REQUIRED WORK: When you copy the data, keep every line exactly as written and skip the pictures.

INFORMATION PROVIDED:
BEGIN
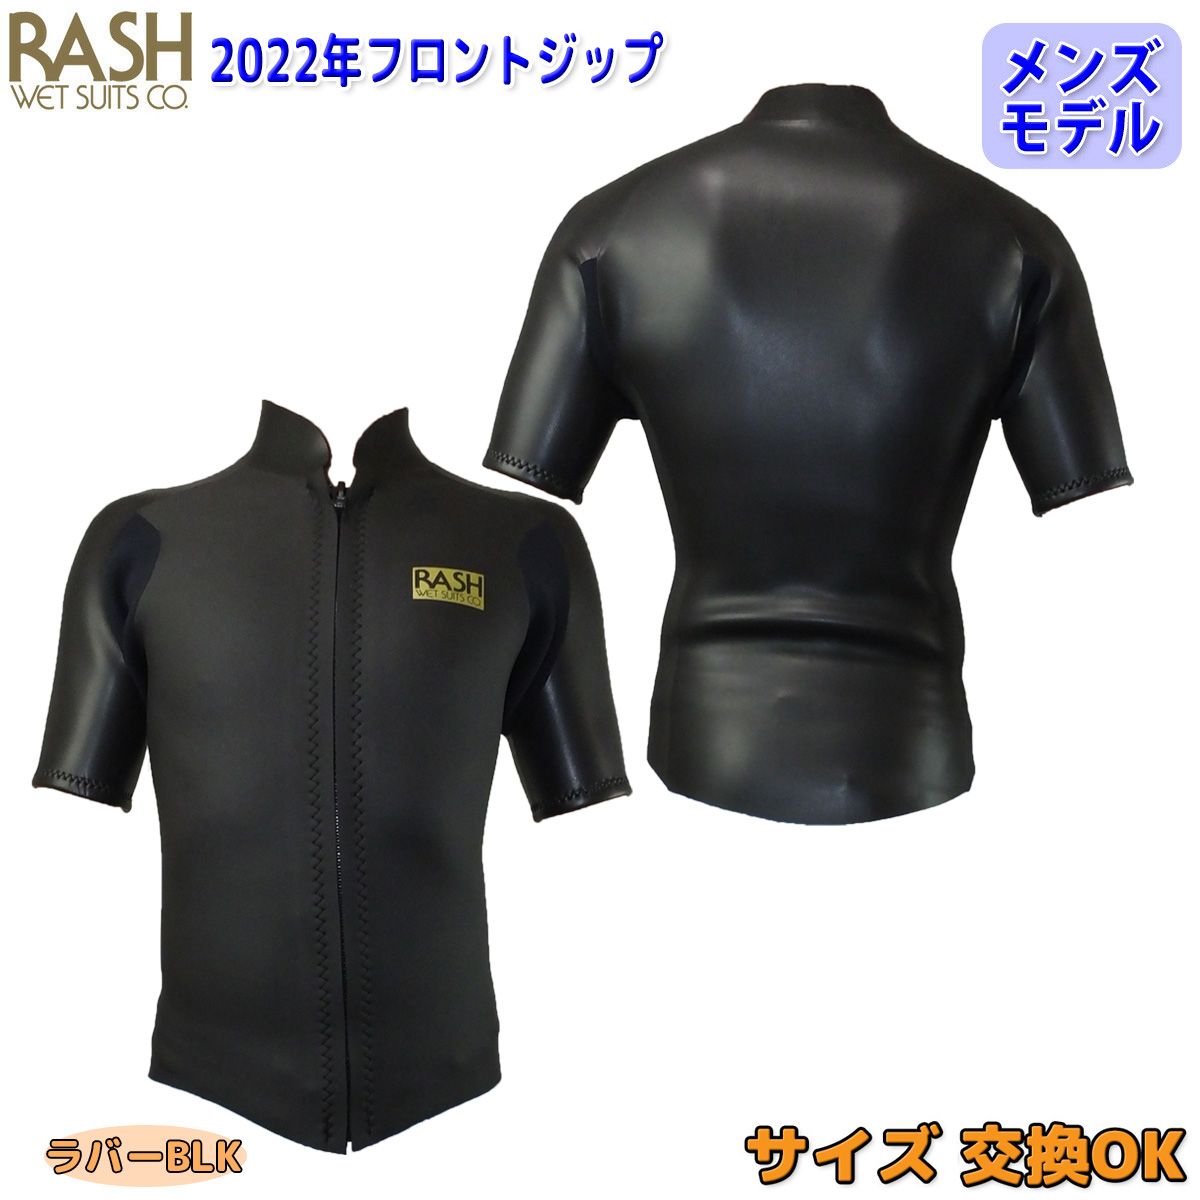 ウェットスーツ タッパー サーフィン ウエットスーツ rash 22 RASH 半袖タッパー フロントジップ 2mm メンズ バリュー  2022年春夏モデル 日本正規品 サーフィン
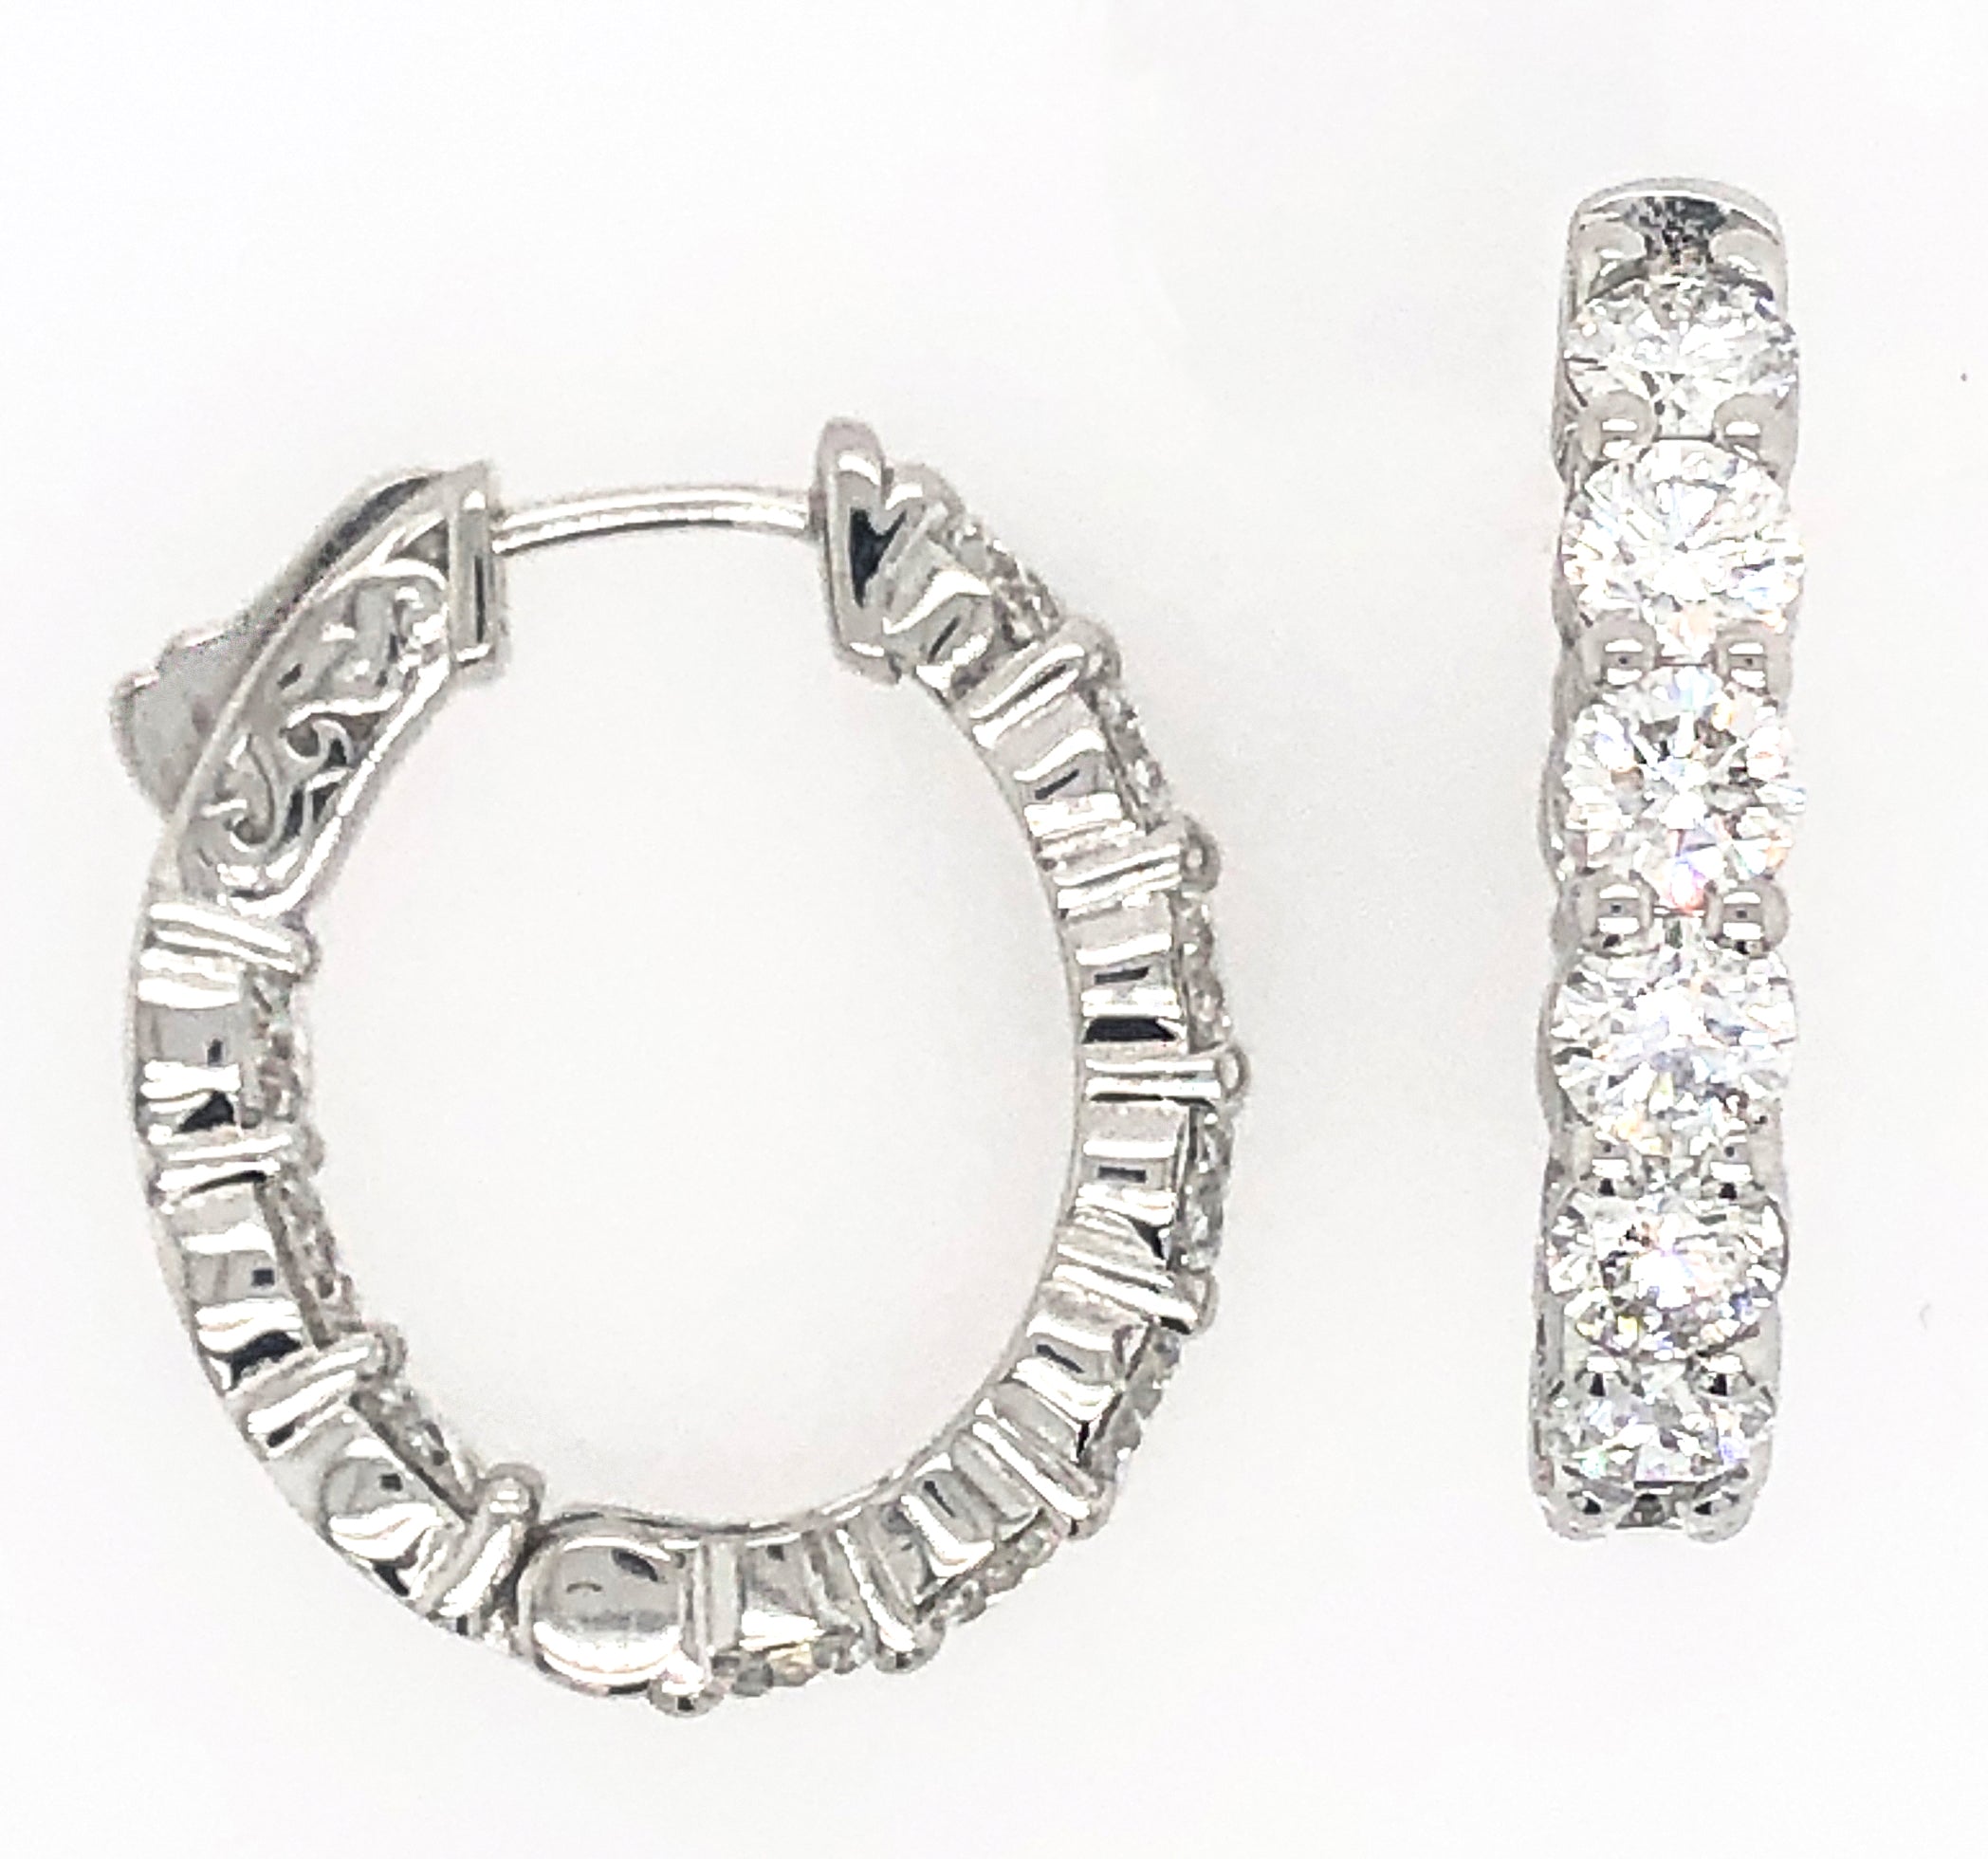 Hoop Diamond Earrings - Diamond Earrings
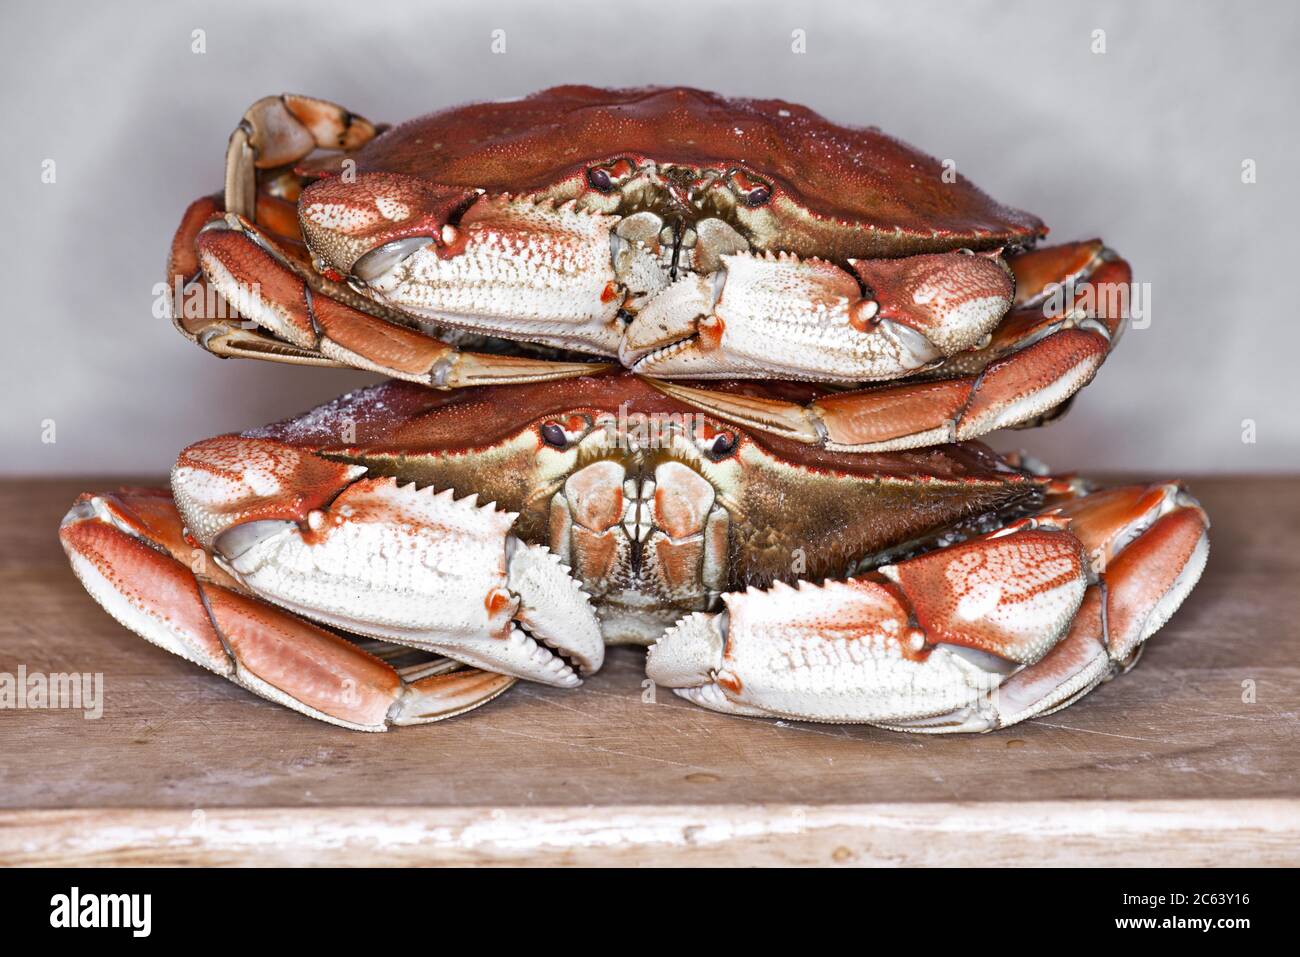 Deux crabes Dungeness cuits sur une planche à découper Banque D'Images
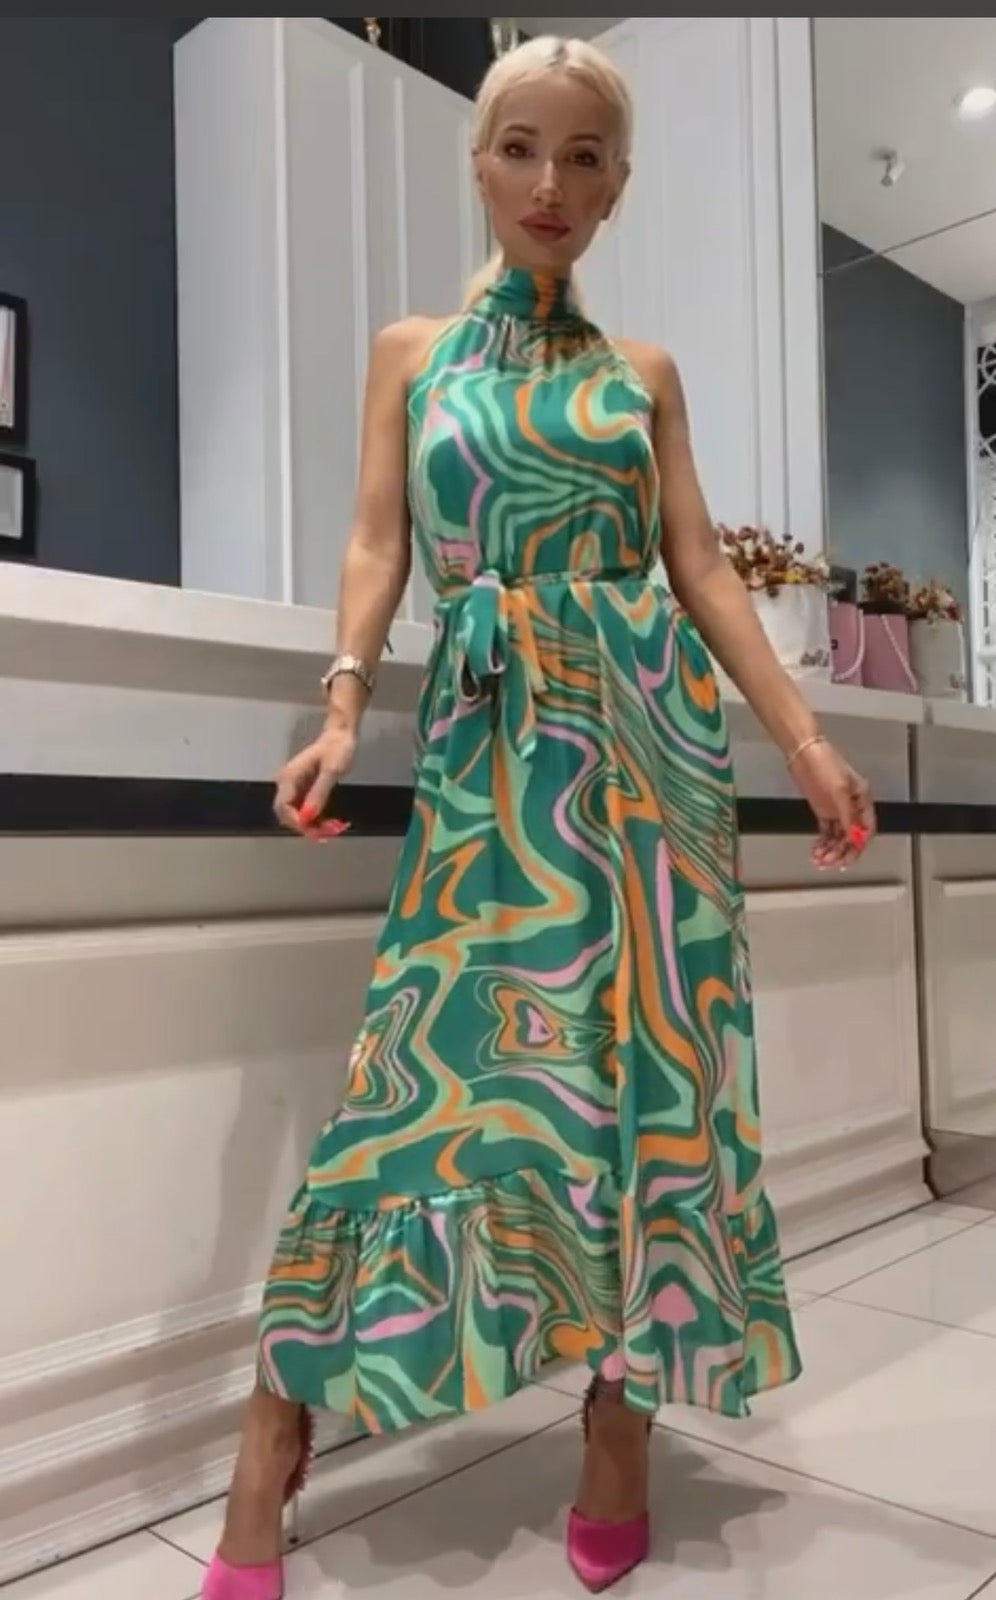 Дамска рокля BETIN  https://bvseductive.com/products/дамска-рокля-betina-5  стилна дълга рокля с красив флорален принт висококачествена изработка от ефирна материя със свободна кройка, подходяща за всяка фигура чудесен избор зДамска рокля Lauren Green  https://bvseductive.com/products/womans-s-dresses-lauren-green  стилна дълга рокля с красив флорален принт висококачествена изработка от ефирна материя със свободна кройка, подходяща за всяка фигура чудесен избор за Вашата..а Вашата нежна, женствена визия
END
RESPONSE TO THE EXERCISE:
 ウェットスーツ タッパー サーフィン ウエットスーツ rash 22 RASH 半袖タッパー フロントジップ 2mm メンズ バリュー  2022年春夏モデル 日本正規品 サーフィン
 Hoop Diamond Earrings - Diamond Earrings
 Deux crabes Dungeness cuits sur une planche à découper Banque D'Images
 Дамска рокля BETIN  https://bvseductive.com/products/дамска-рокля-betina-5  стилна дълга рокля с красив флорален принт висококачествена изработка от ефирна материя със свободна кройка, подходяща за всяка фигура чудесен избор зДамска рокля Lauren Green  https://bvseductive.com/products/womans-s-dresses-lauren-green  стилна дълга рокля с красив флорален принт висококачествена изработка от ефирна материя със свободна кройка, подходяща за всяка фигура чудесен избор за Вашата..а Вашата нежна, женствена визия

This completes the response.